Ахабьев отцепил от пояса флягу, свернул колпачок и поднес ее ко рту. Запах спирта ударил в ноздри, и горлышко выбило дробь по зубам. Ахабьев сделал глоток. Спирт обжег горло, и в ушах зашумело. Но хоть кашель не начался… Ахабьев плеснул спиртом на ладонь и стал растирать ступни. Через минуту-другую чувствительность начала возвращаться, и он едва не заорал от боли, но сцепил зубы, сощурился и продолжил болезненную процедуру. Израсходовав полфляги спирта, Ахабьев снова обрел контроль над своими ногами. Он подобрал носки, отбил лед, размял их и натянул на обожженные спиртом ступни. А вот ботинки не пожелали налезать обратно, и Ахабьеву пришлось слегка разрезать голенища.

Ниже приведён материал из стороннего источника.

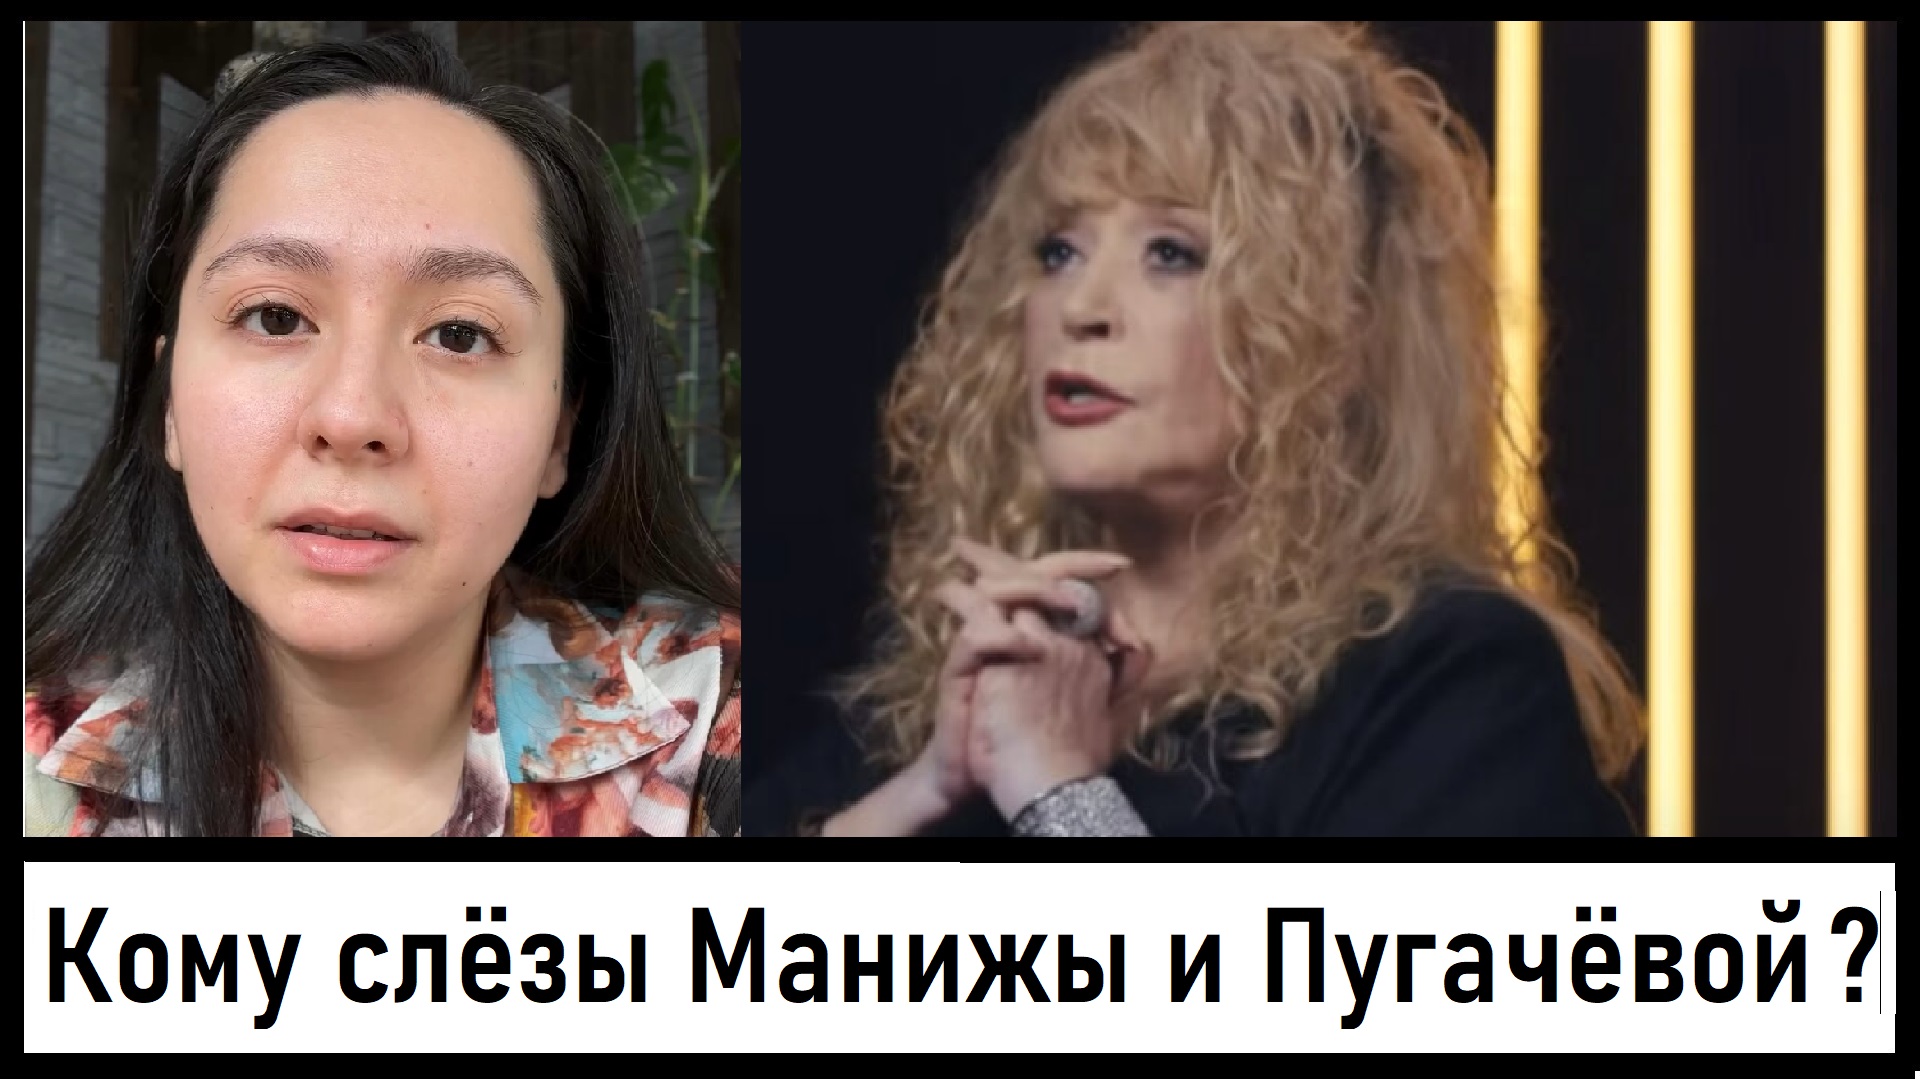 Кому лила слёзы Манижа? Кому дала прощение Пугачёва?

Встать он смог, только держась за дерево. Правую ногу чуть ниже колена кололо тысячью мелких иголок, и он не мог перенести на нее вес. Мне нужен костыль, подумал он. Жалко, что я отрезал приклад и ствол у ружья…

Вспомнив о ружье, он нагнулся за обрезом. Стволы были забиты снегом, и влажные на ощупь патроны не внушали доверия. Он выбросил их, поискал в карманах сравнительно сухую пару красных цилиндриков и перезарядил обрез. Чисто механически: теперь все это уже не имело смысла. Охота кончилась. Как и полнолуние.

Зверю снова удалось улизнуть. Но Ахабьев смог свести счеты — и это было уже немало. В конце концов, Зверь никуда не денется. Будут и другие охоты, не так ли?

И все-таки жаль, что Зверь не принял вызов. Ахабьев прождал его у логова всю ночь — всю эту бесконечную ночь, и только бог знает, каких усилий стоило охотнику не уснуть в засаде… а Зверь просто не пришел. Кошмарная ночь отложилась в памяти Ахабьева как череда тяжелых, беспросветных провалов, когда он не выдерживал и соскальзывал в короткое болезненное забытье, и безумно-яростных вспышек молний, сопровождавших кипение холодного, как смерть, ливня… И сквозь раскаты грома Ахабьев лишь однажды ясно различил тоскливый, заунывный волчий вой. Ему был хорошо известен этот вой: он сам так выл шесть лет назад…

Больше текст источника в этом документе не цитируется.